The result should be an exact copy of only the lines from the one holding "Figure 2 Podcast" through the last line of the data below, please, without pictures.

* EXERCISE DATA

________

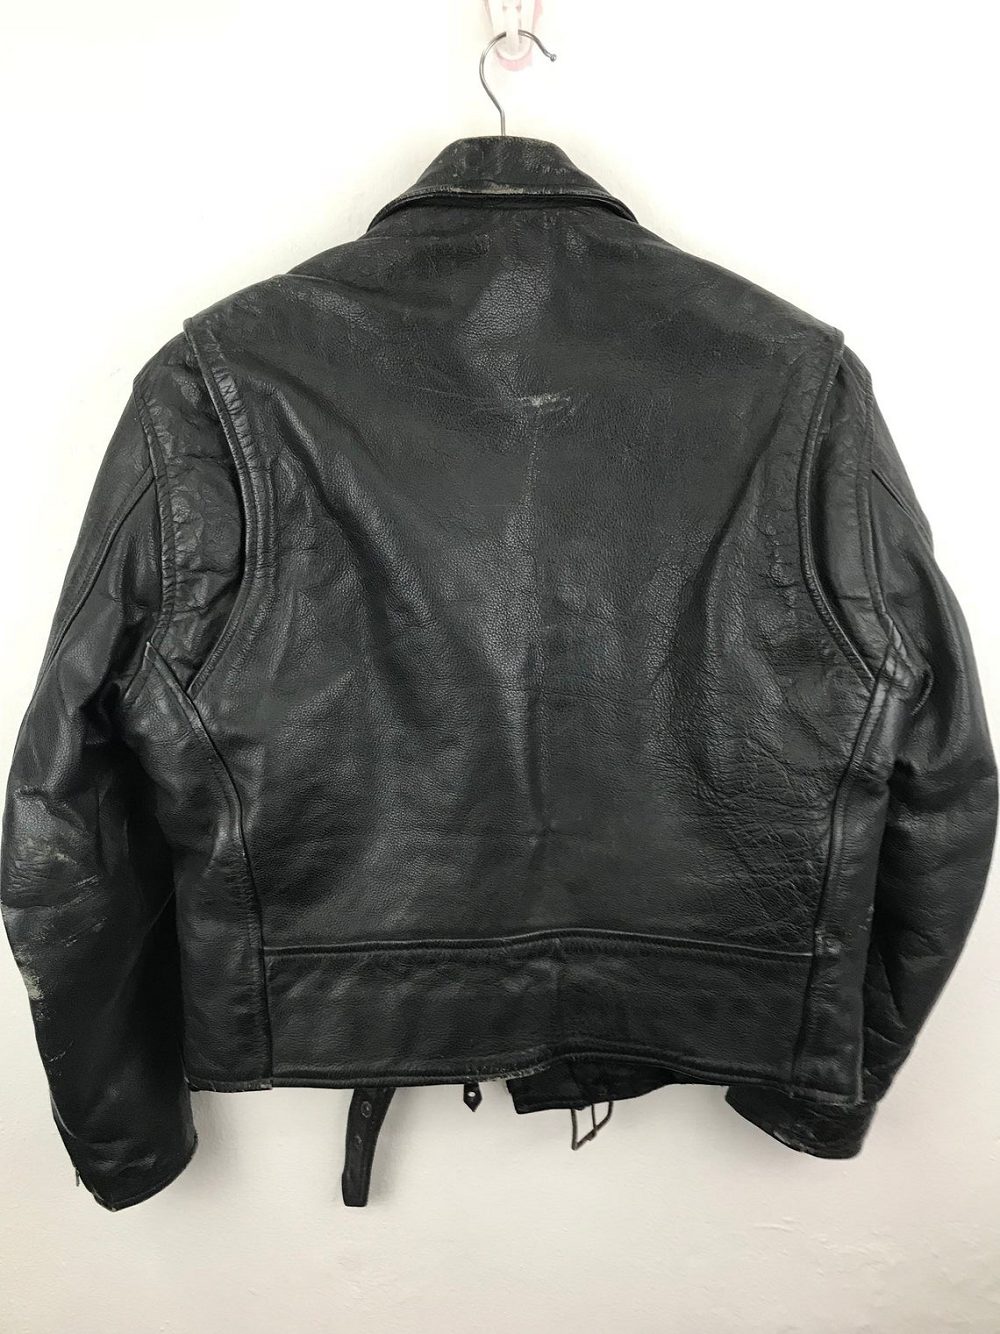 Mens Vanguard Biker Leather Jacket - A2 Jackets
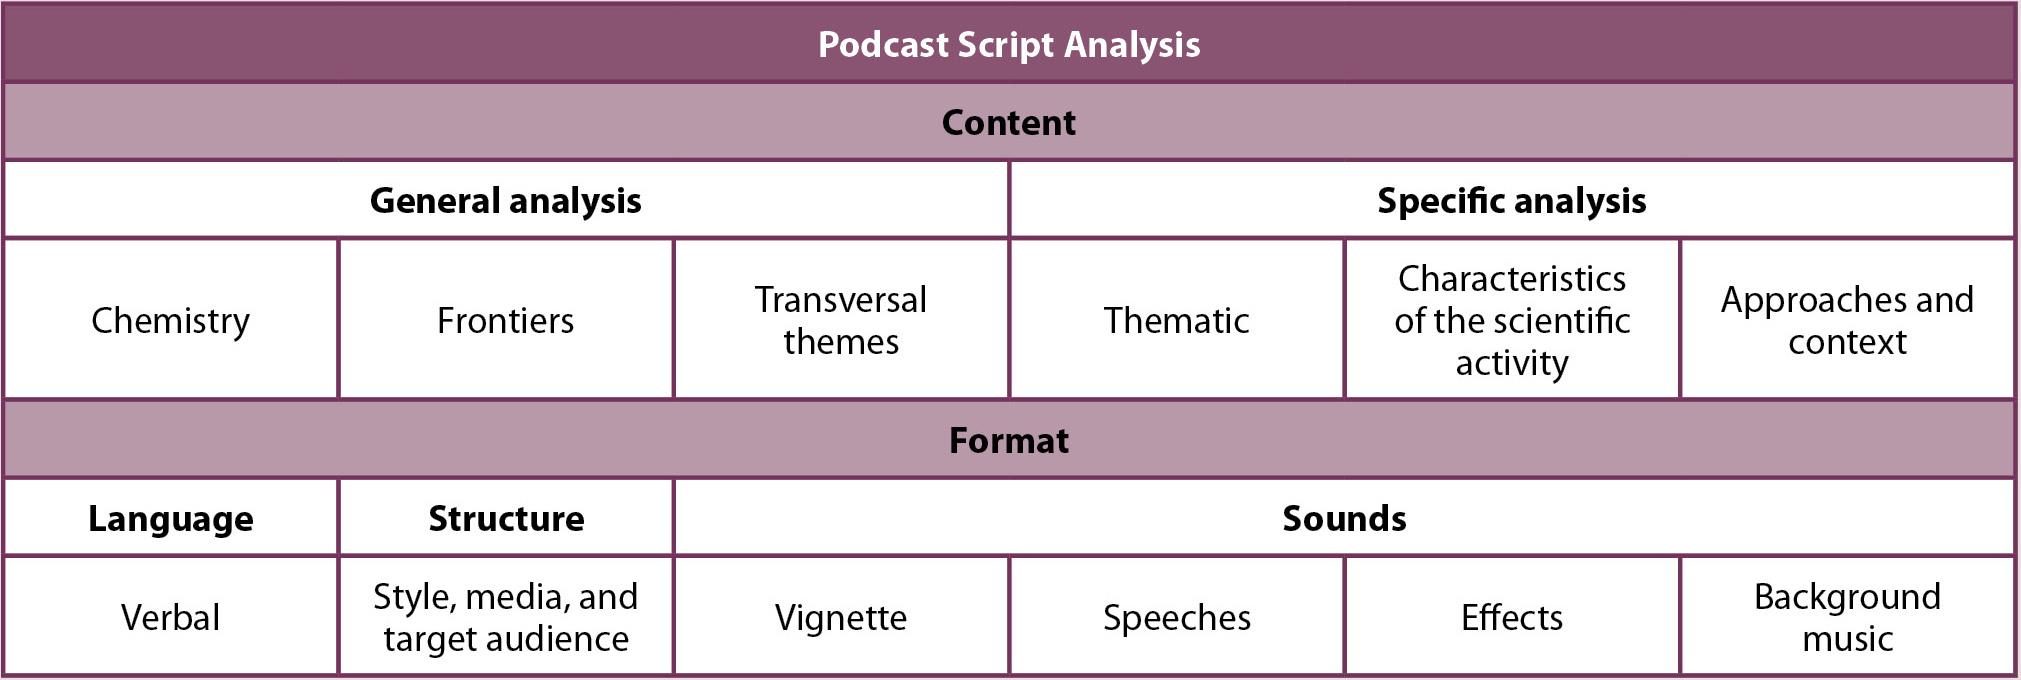 Figure 2 Podcast script analytical framework.
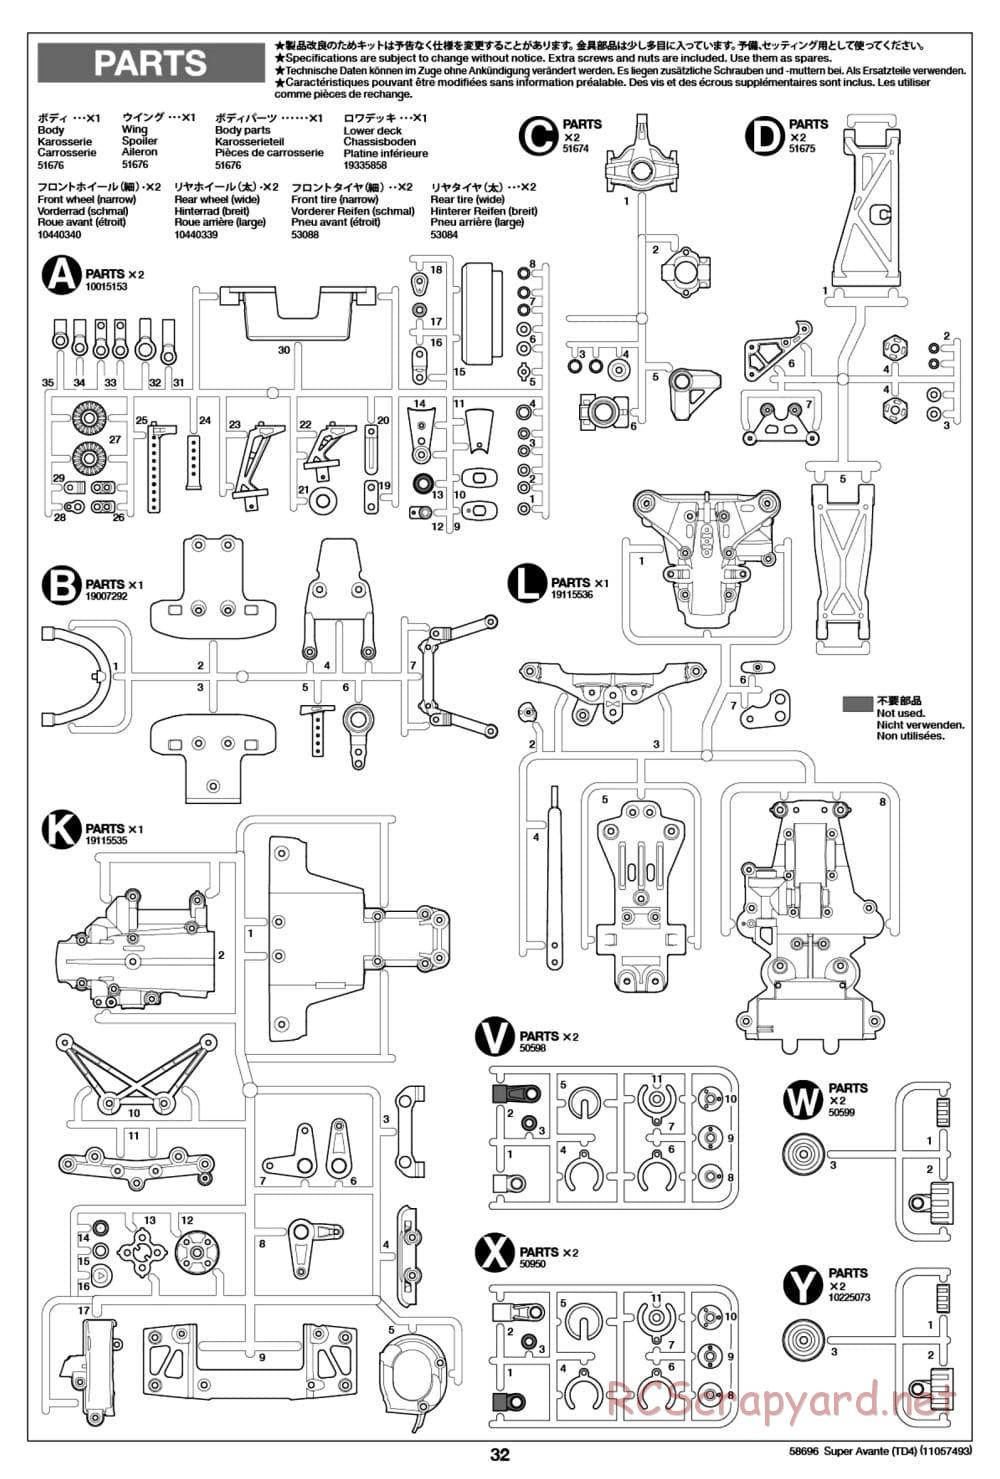 Tamiya - Super Avante - TD4 Chassis - Manual - Page 33

________

* FINAL ANSWER
 Figure 2 Podcast script analytical framework.
 Tamiya - Super Avante - TD4 Chassis - Manual - Page 33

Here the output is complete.